Monday, June 1, 2009

Christmas and Kenosis in Pedagogy

I want to suggest that two aspects of the Son's entry into our world, his incarnation and self-emptying, are expressed in his people, as well, though on a much more rudimentary and limited level. Christ calls us to incarnate his truth in every cultural expression out of which we are born, as well as to grasp the essential paradox that when we lose ourselves, we are found; when we deny ourselves, we receive; and when we make ourselves last, God exalts us in due season. I believe this is true even in our learning.

The Church’s education, and therefore, its learning is always an extension of the incarnation, though not at the compromise of the Son's deity. (To put it more technical terms, theosis is never a violation of aseity, our continual growth in Christ will never cross the essential difference between God and his creation.) Jesus does not call us to a learning without context, without history, or without community. Instead, we are called to live and learn his truth in particular times and seasons, places and peoples.

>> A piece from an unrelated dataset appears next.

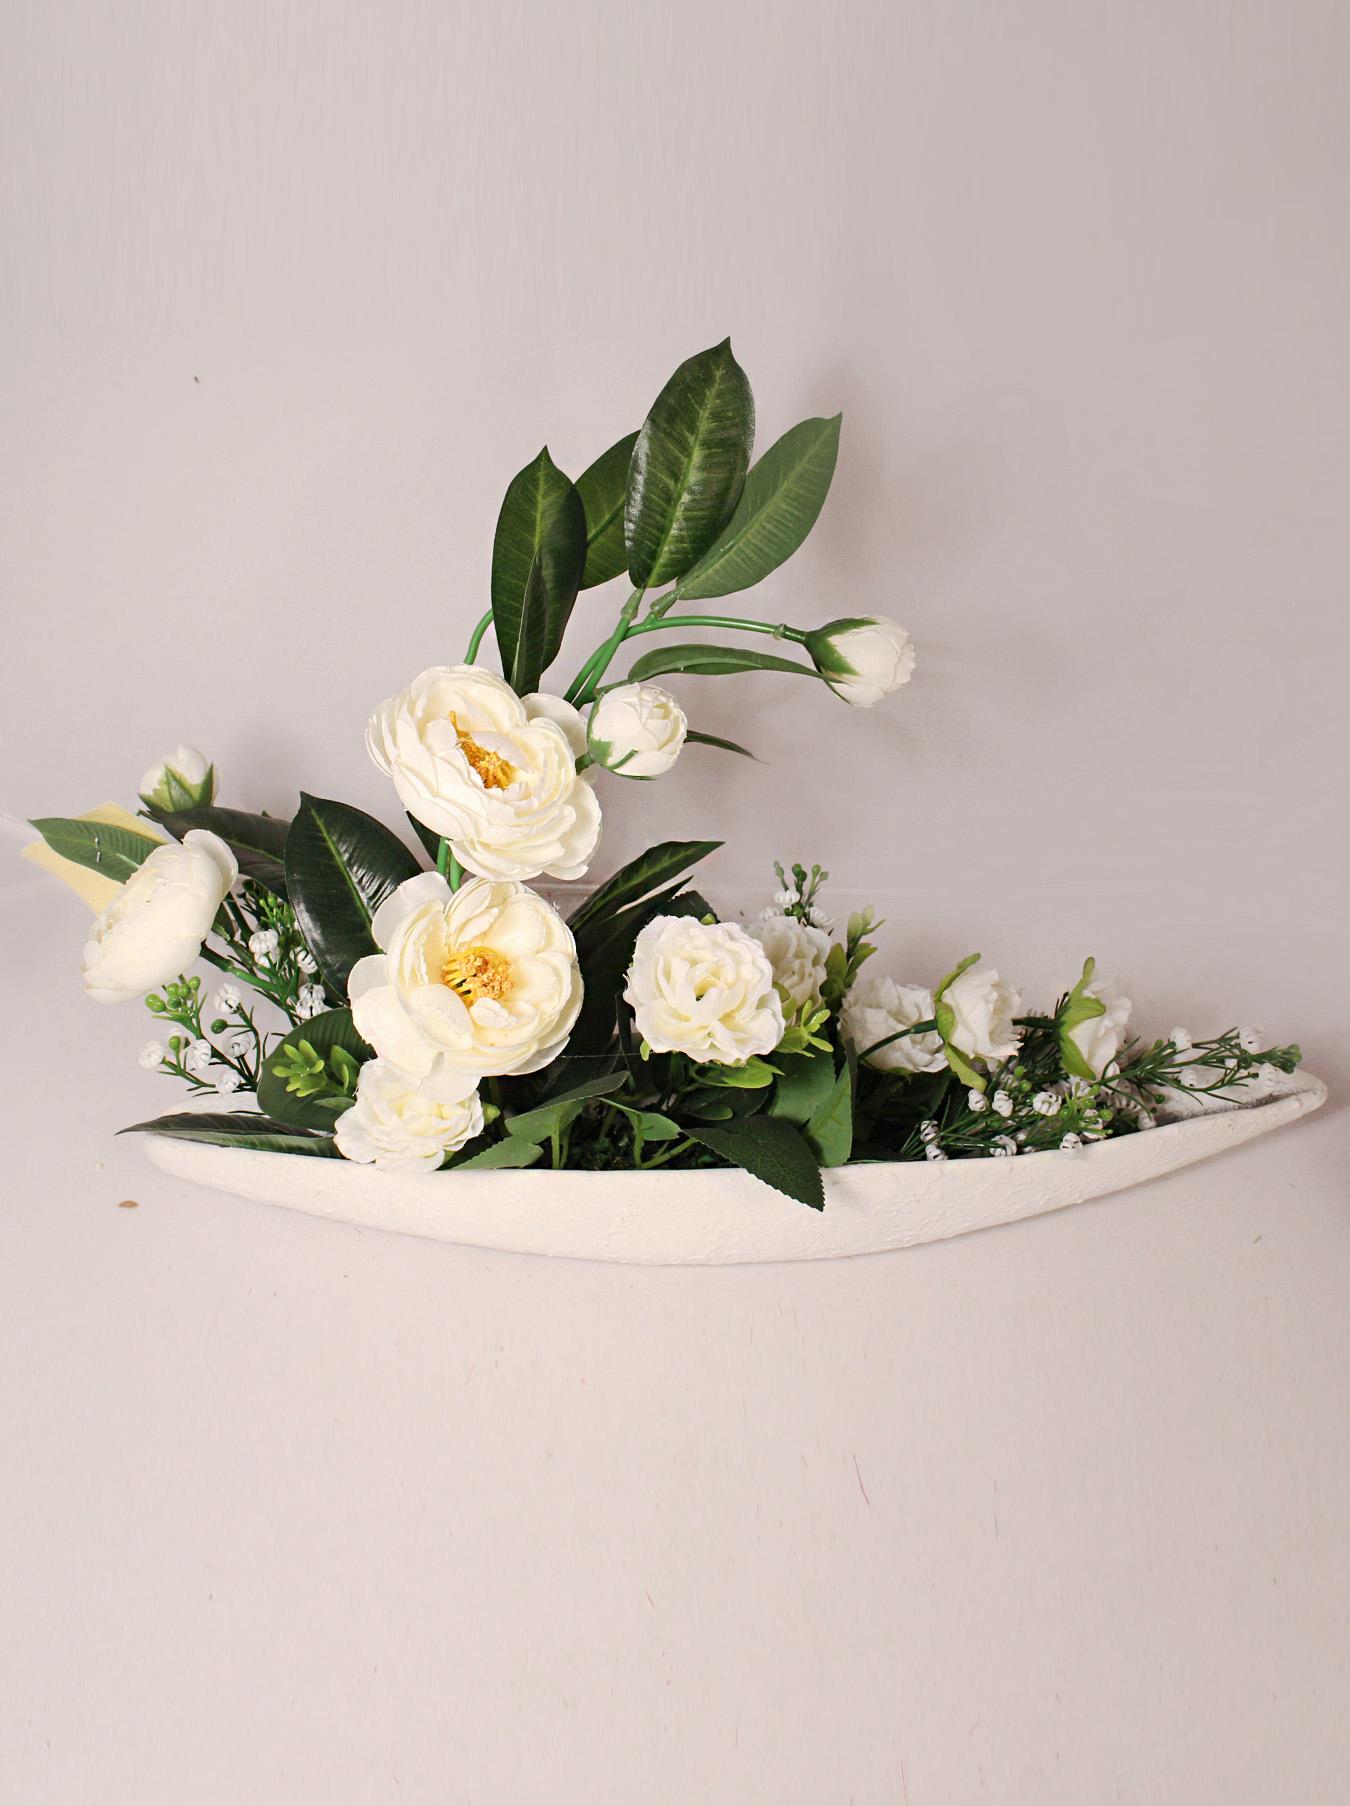 Сбор заказов. Оформление интерьера изысканными и красивыми растениями! Скидки до 25%. Здесь вы найдете искусственные деревья, цветы в горшках, одиночные цветы, французские балконы, искусственная трава, подвесные, настенные кашпо и другое. Выкуп 9.

Consider the kenosis of Christ. The Son made himself "nothing" for our sakes. We area called to do the same in imitation of him, though never at the deep metaphysical level that he did so. However, kenotic learning for us is also self-giving, self-emptying even. At times, learning which calls on us to experience great loss seeks to hold together mystery and mysterion, the unanswerable and the lately revealed. It embraces a willingness to suffer for learning, as well as a trust that our vulnerability in learning will be answered and prized. It may experience absence and longing--a dark night of the soul, as John of the Cross calls it.

Theology has traditionally advanced in two directions:

  1. Via positiva, postive assertions about God's self-revelation in creation, with divine history culminating in Christ, and in scripture, as well as to a lesser extent in church history and tradition.
  2. Via negativa, negative assertions about the limits of our creaturely assertions about God. We cannot claim to know God exhaustively. Our search for him often ends in our simply acknowledging that we can go no further using this or that image or vocabulary. What we have received is sufficient, but then neither are we God.

As Reinhard Hütter has argued, our positive assertions always need a hint of negative correction. We cannot speak of God exhaustively. We have to learn what our limits are. This is true about God's world, as well. Our studies end in mystery. I am not promoting a "god of the gaps" in which whatever we can not explain at the time must be attributed to God. On the contrary, everything known and unknown is God's. Rather, we need to acknowledge that the limits to our understanding are signs of our dependence on God.

In the Orthodox tradition, icons always attempt to be both--what can be known of God and of the final uncontainable mystery of God. What is beyond our knowing is always part and parcel with what we do know (95-110). Kenotic learning, likewise, recognizes that the transcendentals of the true, the good, and the beautiful, as ultimately grounded in God, can only be attended to in an iconic manner. Learning mystery is true learning. Everything that is possessed of what is glorious, righteous, or true will not speak to us exhaustively, as if we could control it. When we say what can be said and acknowledge what cannot, we are affirming our creatureliness, as well as our role as God's covenant people.

Incarnational learning is similar--an emptying, a taking on of the context, a missional trajectory that grows mature and complete in the process of undergoing the given task. Kenotic and incarnational learning share the notion that since being is communion, authentic learning is both individual and communal; indeed, the individual is a community, as the communal has at times an individual quality. Learning requires sacrifice and submission, a giving of one's self, a risking of one's identity and nature. At times, it means not understanding with any comprehensiveness the change that is taking place in yourself as the learner or in the learning community that you help form. It is only discovered in retrospect, having been the work of the Spirit all along.

By affirming that the incarnation and the self-emptying of Christ were eternal possibilities in the Son, and by suggesting that our own finite forms of these are part of the imitation of Christ we are called to, we recognize that these forms of learning with their vulnerability, dependency, and sacrifice are not post-lapsarian instruments that we must begrudge, but part of the nature of being human persons. We learn this way by God's design.